10 June, 2025:
According to Bloomberg calculations based on International Monetary Fund (IMF) data, China, India, and the United States are projected to be the top three global growth engines from 2025 to 2030. This underscores India's emergence as a pivotal driver of global economic momentum, propelled by visionary leadership, structural reforms, digital innovation, and the unmatched spirit of its 1.4 billion citizens.
India's economic path is characterized by strong growth, with a 6.3% per annum GDP growth forecast between 2024 and 2028. This makes India one of the fastest-growing major economies in the world. Contributing to this growth are strong domestic demand, an increase in the working-age population, and considerable investments in infrastructure and digitalization. The nation's digital economy is expected to reach $1 trillion by 2030, driven by initiatives like the Unified Payments Interface (UPI) and rapid 5G adoption.

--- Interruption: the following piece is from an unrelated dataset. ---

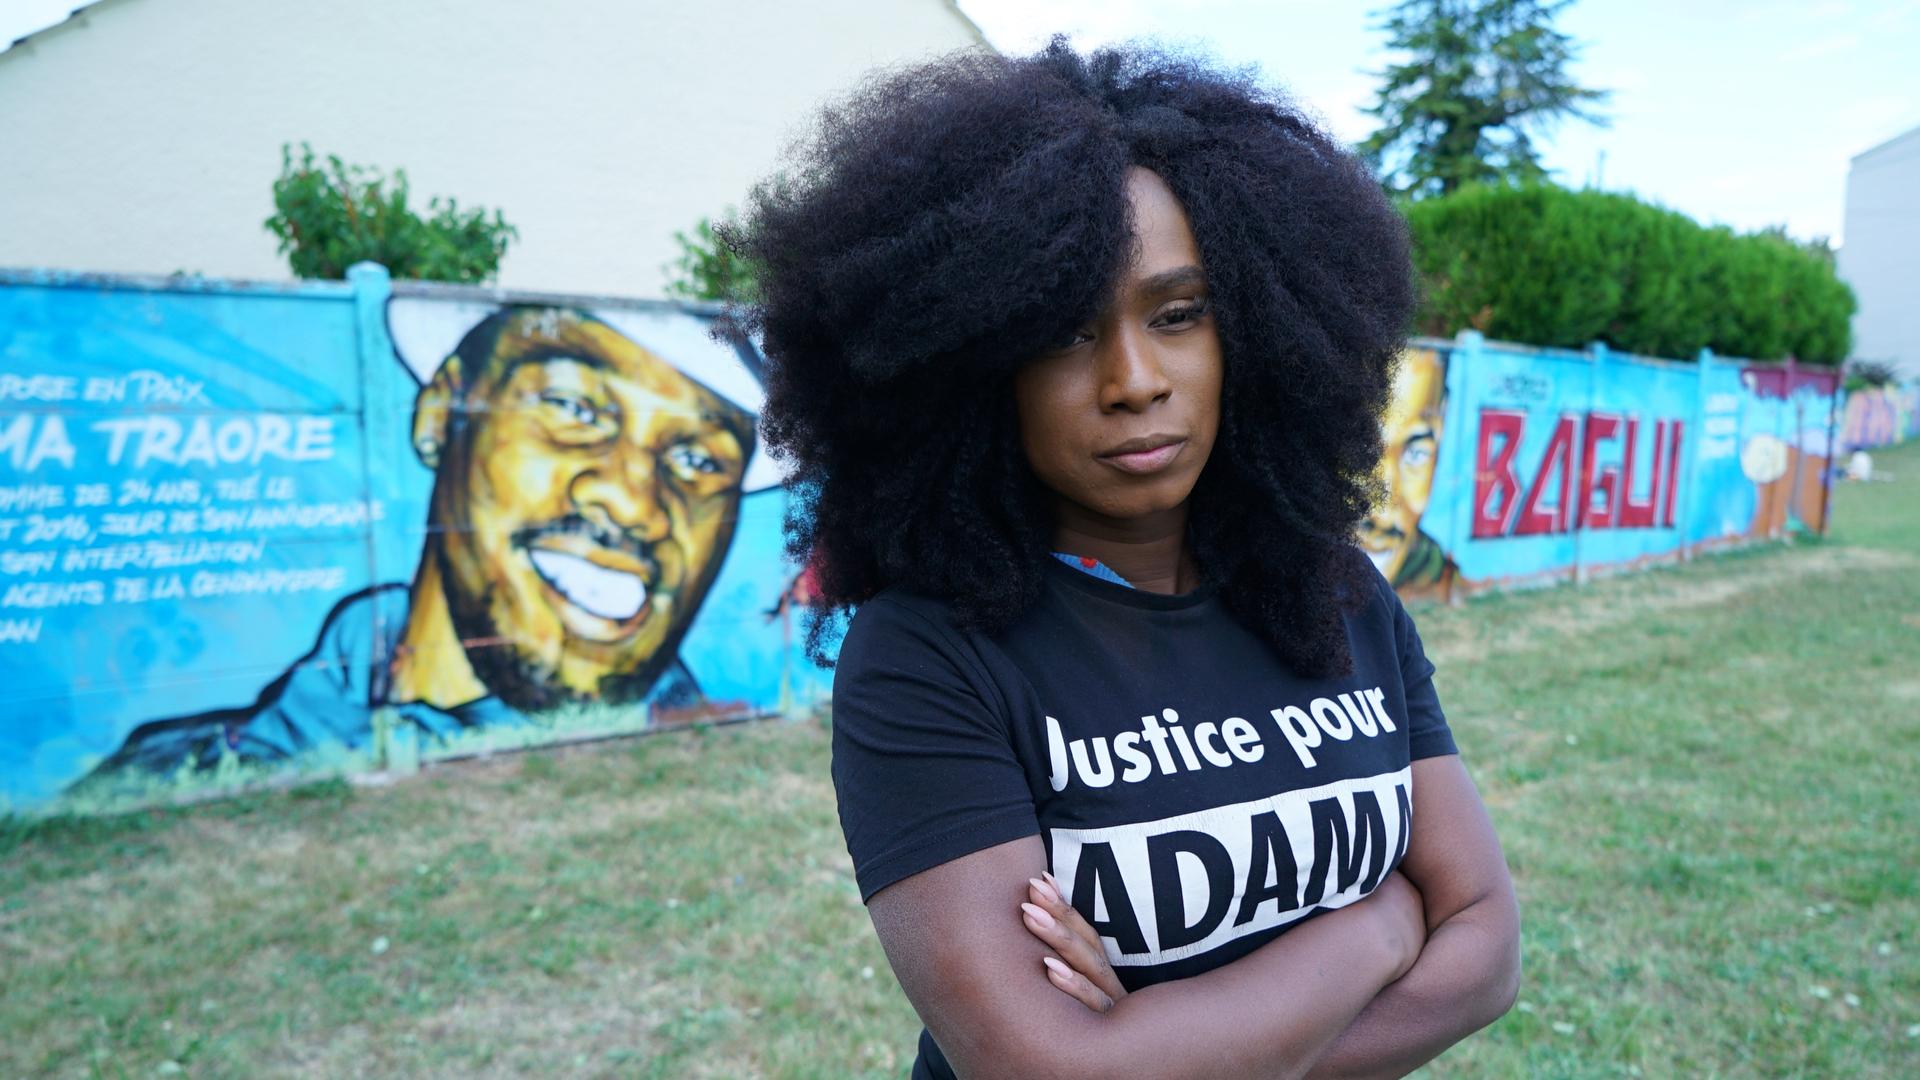 A black woman wearing a black shirt with white lettering poses near a mural

China is expected to make a 23.8% contribution to economic growth in the world during the period. In spite of setbacks like a slowing real estate sector and weakening consumer confidence, the country's large industrial base and export power continue to support its position on the economic front. Estimates suggest that China's industrial output will represent 45% of the world's production by 2030, making it a manufacturing and export powerhouse.
The United States continues to be a major driver of world economic growth, with a forecast of 2.2% GDP growth in 2025. This is on account of robust consumption spending and productivity growth. Nevertheless, factors like trade tensions and fiscal policies can threaten sustained growth.
Though China's, India's, and the United States' combined contributions highlight a shift of global economic trends towards Asia, the International Monetary Fund (IMF) is forecasting global growth at 3.2% for 2024 and slightly below that in 2025. Some of the factors feeding this expectation are geopolitical tensions, policies for curtailing inflation, and structural issues like old-age population and low productivity.
Due to fading supply-chain disruptions and the boom in the service sector, India and China will contribute more than 50 per cent of the global growth in the upcoming year, according to the IMF. Asia will be a major driver of global growth, with other countries, apart from China and India, contributing another 25 per cent.
China, India, and the United States' economic paths over the coming decades identify a dynamic international economic environment, with Asia and, specifically, India increasingly at the center of international growth.